Rechtsnorm:Art. 107 ZPO ;Art. 109 ZGB ;Art. 117 ZPO ;Art. 119 ZPO ;Art. 122 ZPO ;Art. 2 ZGB ;Art. 256c ZGB ;Art. 404 ZPO ;Art. 7 KRK ;Art. 93 BGG ;
Referenz BGE:-
Kommentar:
-

Entscheid des Kantongerichts RZ110003

Obergericht des Kantons Zürich

I. Zivilkammer

Geschäfts-Nr.: RZ110003-O/U

Mitwirkend: die Oberrichter Dr. R. Klopfer, Vorsitzender, Dr. G. Pfister und Dr. H.A. Müller sowie Gerichtsschreiberin lic. iur. S. Notz

Urteil vom 2. April 2012

in Sachen

A. ,

Kläger und Beschwerdeführer

vertreten durch Rechtsanwältin lic. iur. X.

gegen

  1. B. ,
  2. C. ,

Beklagte und Beschwerdegegnerinnen

  1. vertreten durch Fürsprecher Y.

  2. vertreten durch Beistand Rechtsanwalt lic. iur. Z.

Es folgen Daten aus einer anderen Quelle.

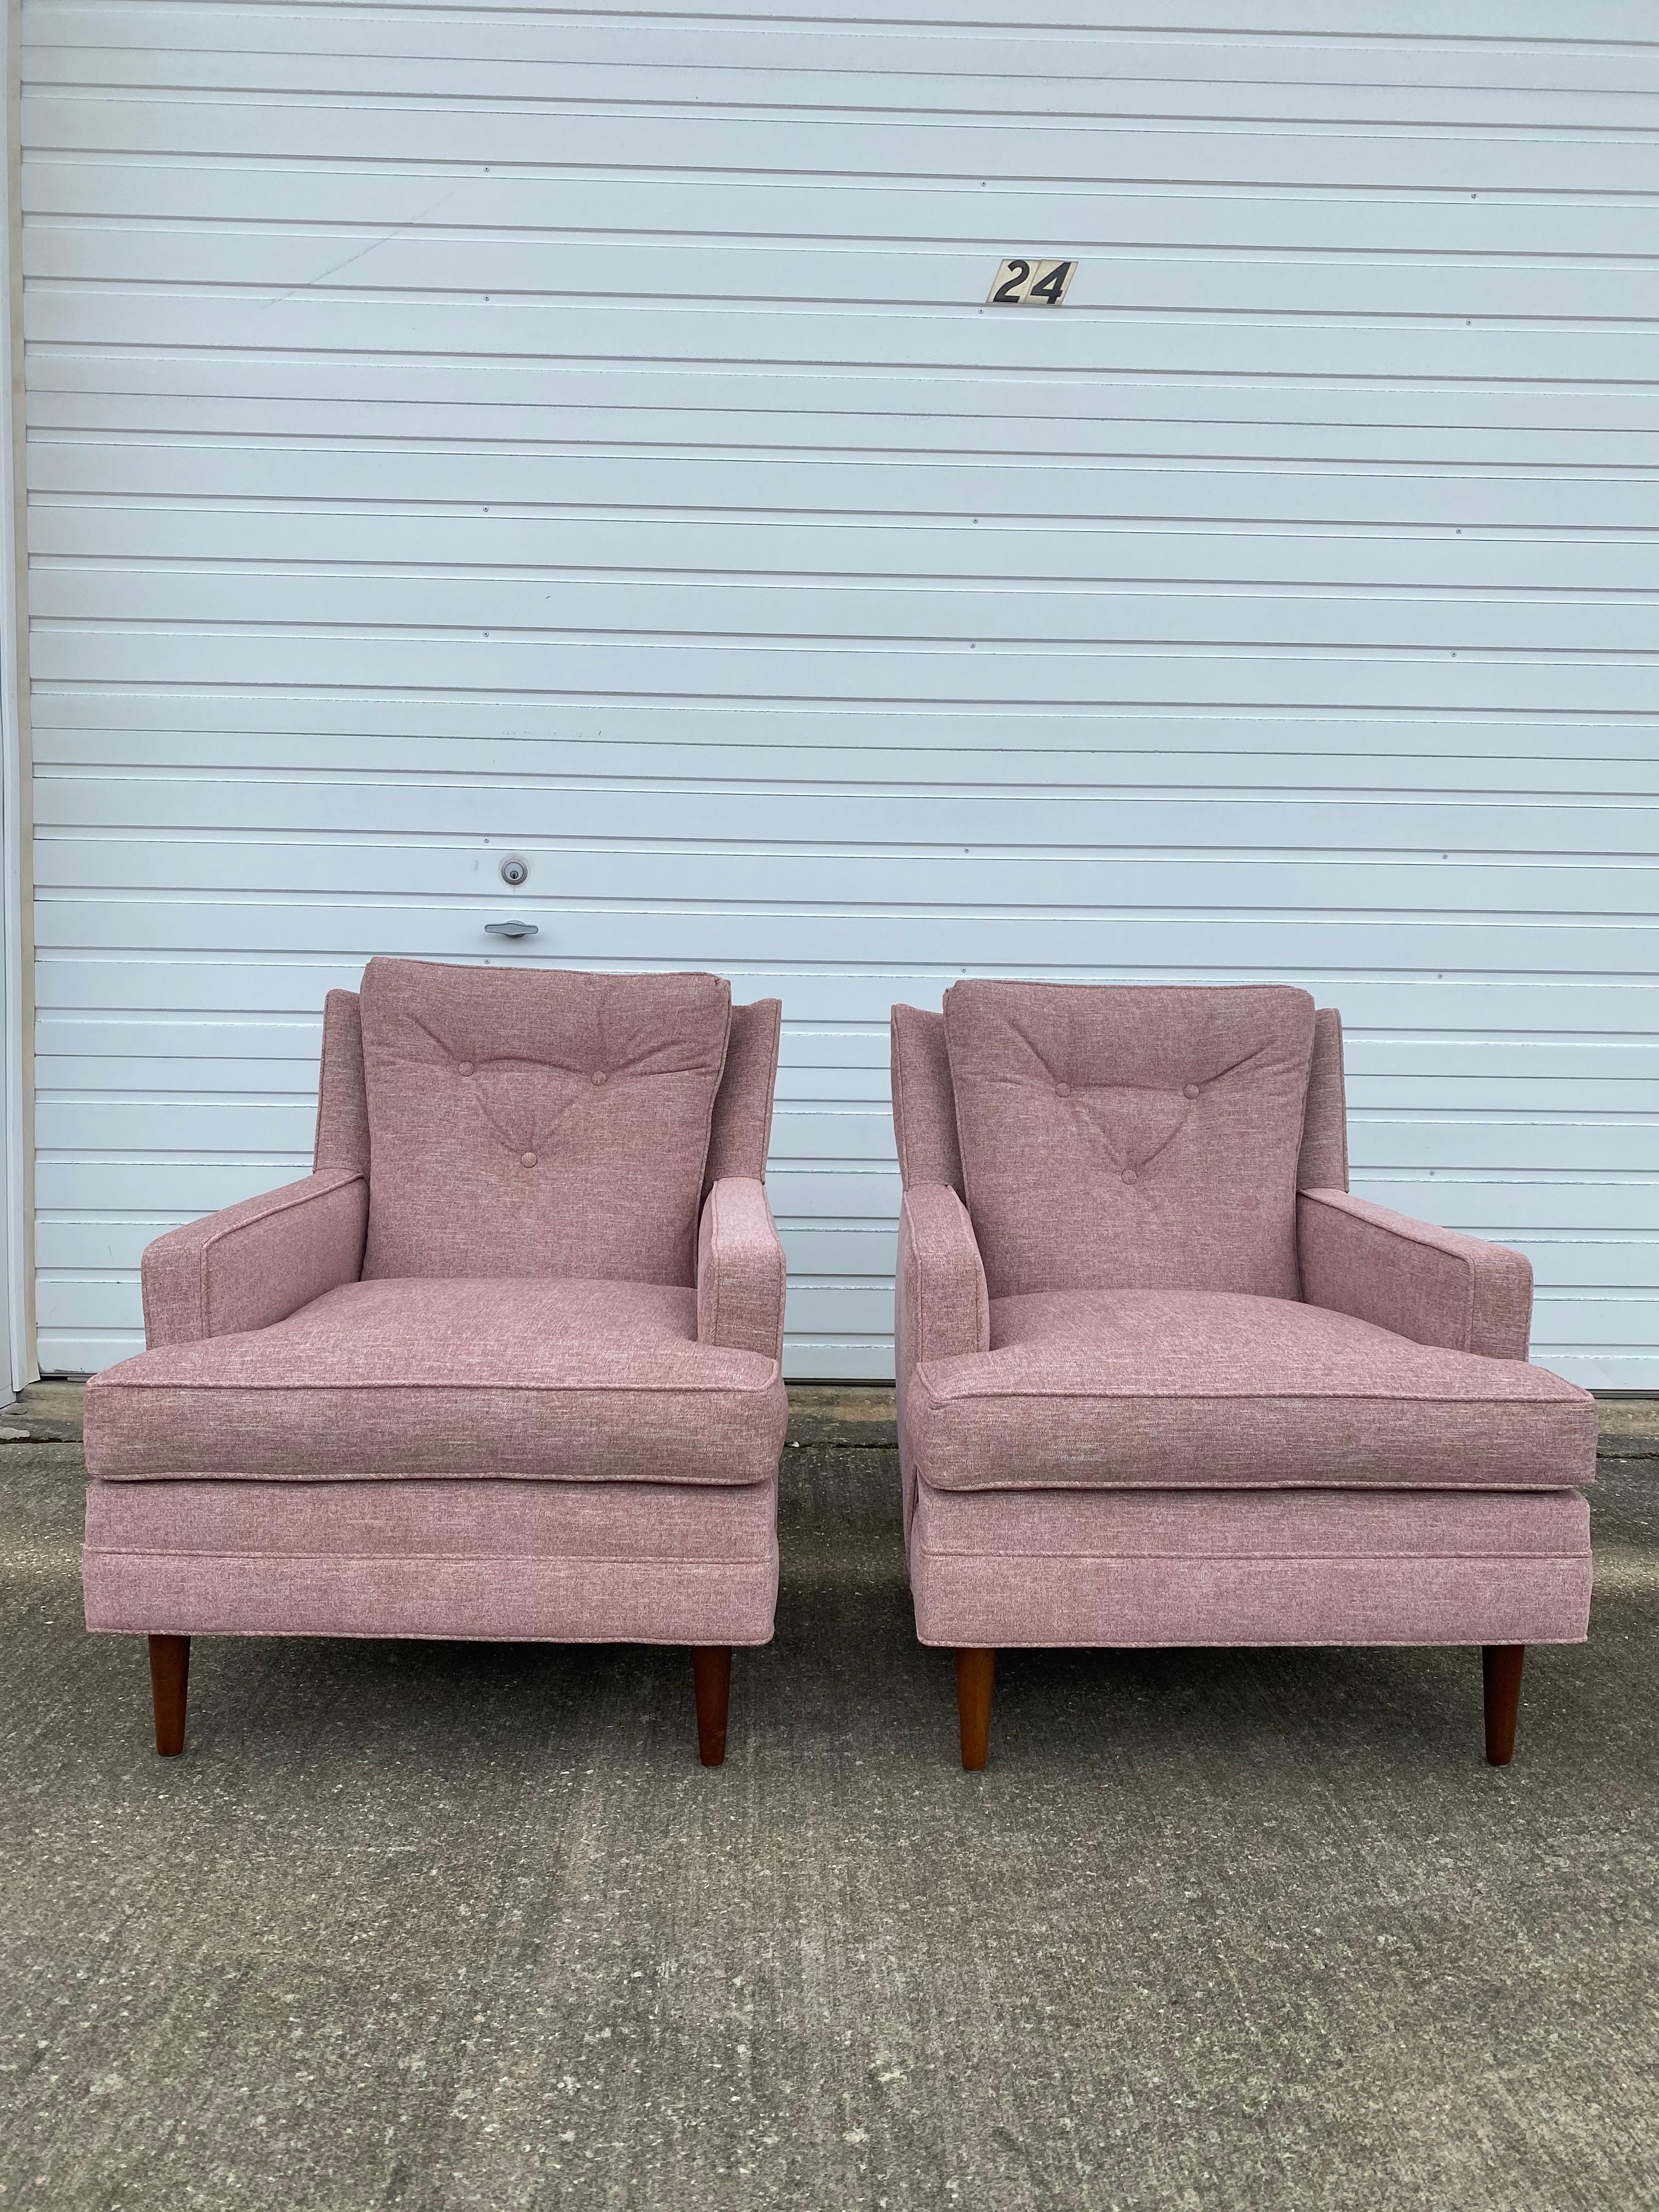 Paire de fauteuils Flair Club des années 1960, rembourrés, de Bernhardt. Ces chaises ont été entièrement retapissées dans un Crypton 49 Mauve de Great Lakes Fabrics, avec 50 000 doubles frottements. Il s'agit d'un tissu performant qui résiste aux

betreffend Anfechtung der Vaterschaft

Beschwerde gegen eine Verfügung des Einzelgerichts im ordentlichen Verfahren am Bezirksgericht Zürich, 8. Abteilung, vom 2. Mai 2011 (FP100191)

Erwägungen:

I.
  1. Am 17. September 2010 reichte der Kläger und Beschwerdeführer (fortan Kläger) eine Klage betreffend Anfechtung der Vaterschaft ein und stellte gleichzeitig ein Gesuch um unentgeltliche Rechtspflege. Mit Verfügung vom 2. Mai 2011 entschied die Erstinstanz u.a. das Folgende (Urk. 2 S. 8):

    1. Der Antrag um Sistierung des Prozesses bis zum Abschluss des zwischen dem Kläger und der Beklagten 1 pendenten Verfahrens betreffend Ungültigkeit der Ehe/Scheidung (Prozess FE101134) wird abgewiesen.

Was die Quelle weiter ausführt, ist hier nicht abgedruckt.